Going forward in this lesson we will be using MarkItDown in code examples.

Why Markdown?

LLMs like GPT-4 and Claude were trained on massive amounts of Markdown. They understand headings, lists, tables, and links natively. Markdown is also token-efficient; it has a minimal markup overhead compared to HTML or XML.

The extraction pipeline:

Supported Formats

MarkItDown handles an impressive range of formats:

Category	Formats
Documents	PDF, Word (.docx), PowerPoint (.pptx), Excel (.xlsx, .xls)
Web	HTML, XML, RSS
Data	CSV, JSON, JSONL
Media	Images (with OCR), Audio (with transcription)
Archives	ZIP files (extracts and converts contents)
Other	YouTube URLs (transcripts), EPub, Outlook (.msg)

Setup

# Install with all converters
uv add 'markitdown[all]'

# Or install only what you need
uv add 'markitdown[pdf,docx,xlsx,pptx]'

Basic Usage

markitdown_basics.py
"""
MarkItDown: Convert Any Document to Markdown
=============================================
The first step in any document extraction pipeline.
"""

from markitdown import MarkItDown

# Initialize the converter
md = MarkItDown()

# Convert a PDF
result = md.convert("invoice.pdf")
print(result.text_content)

# Convert a Word document
result = md.convert("contract.docx")
print(result.text_content)

# Convert an Excel spreadsheet
result = md.convert("sales_data.xlsx")
print(result.text_content)  # Tables become Markdown tables!

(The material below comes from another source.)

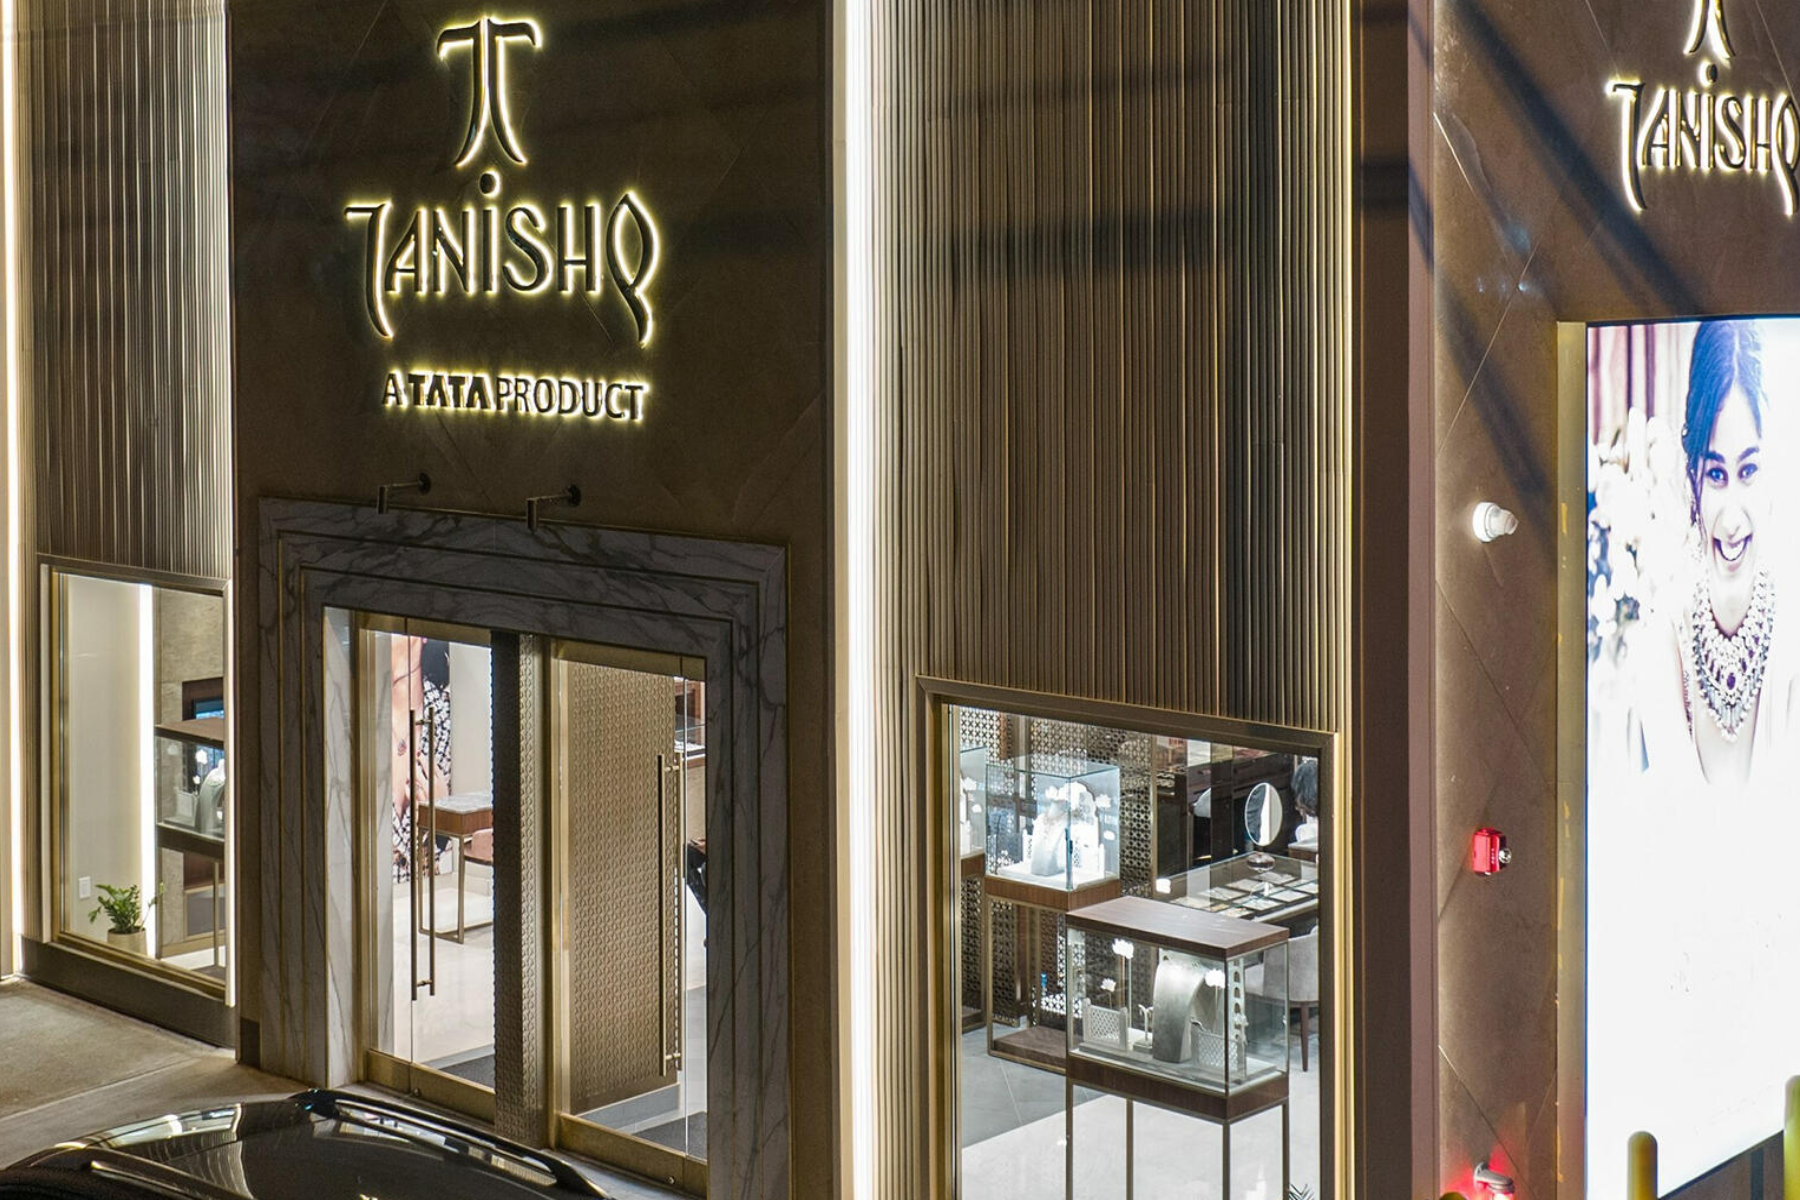 Indian Jewelry Brand Tanishq Opens Its First U.S. Store, More On The Way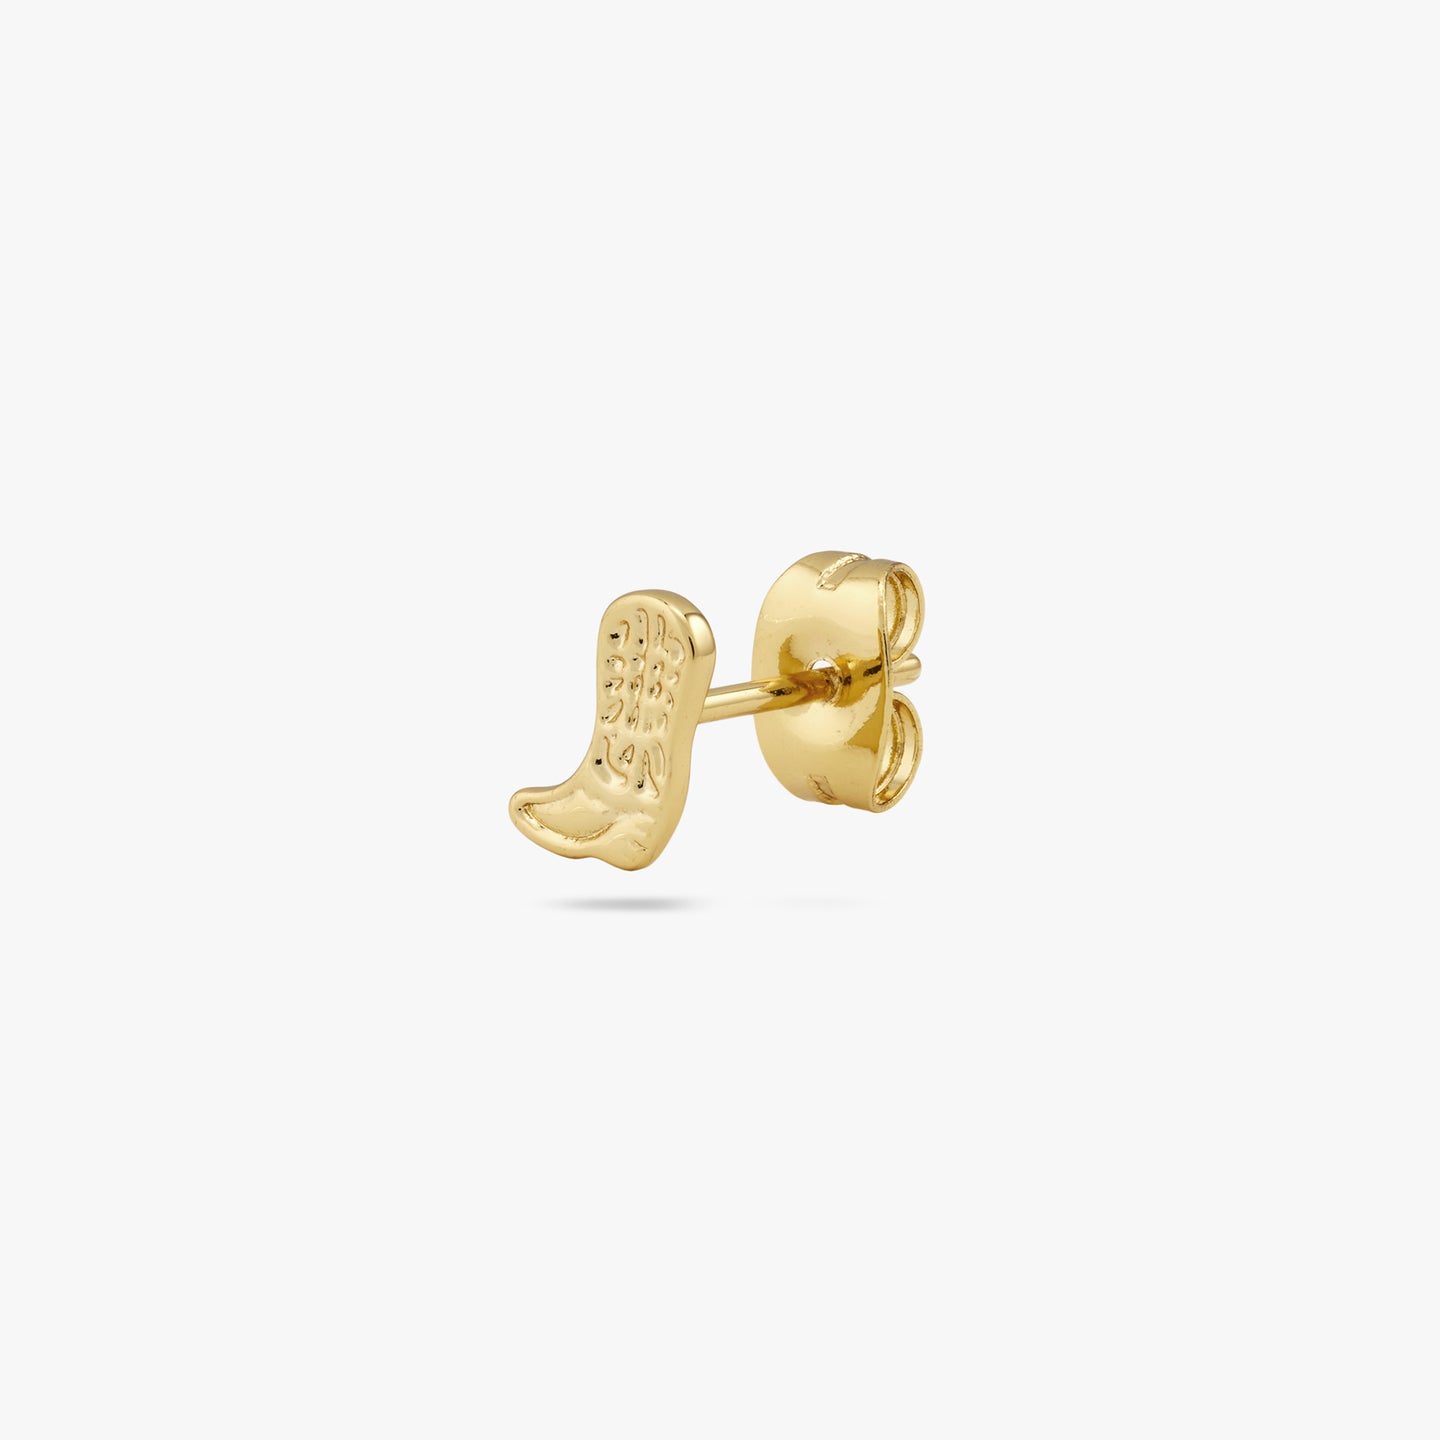 This is a small gold cowboy boot shaped stud with detailing color:null|gold

# Convert a PowerPoint presentation
result = md.convert("quarterly_report.pptx")
print(result.text_content)  # Each slide becomes a section

Converting from URLs and Streams

markitdown_advanced.py
"""
MarkItDown: URLs, Streams, and Remote Files
============================================
"""

from markitdown import MarkItDown
from io import BytesIO

md = MarkItDown()

# Convert from URL (HTML pages, PDFs, etc.)
result = md.convert_url("https://example.com/article.html")
print(result.text_content)

# Convert YouTube video (extracts transcript)
result = md.convert_url("https://www.youtube.com/watch?v=dQw4w9WgXcQ")
print(result.text_content)

# Convert from bytes (e.g., file uploads)
with open("document.pdf", "rb") as f:
    pdf_bytes = f.read()

result = md.convert_stream(BytesIO(pdf_bytes), file_extension=".pdf")
print(result.text_content)

Adding LLM-Powered Image Descriptions

Optional Feature

LLM-powered image descriptions are optional. Basic MarkItDown works without any API key. This feature only enhances image extraction and requires OPENAI_API_KEY in your environment.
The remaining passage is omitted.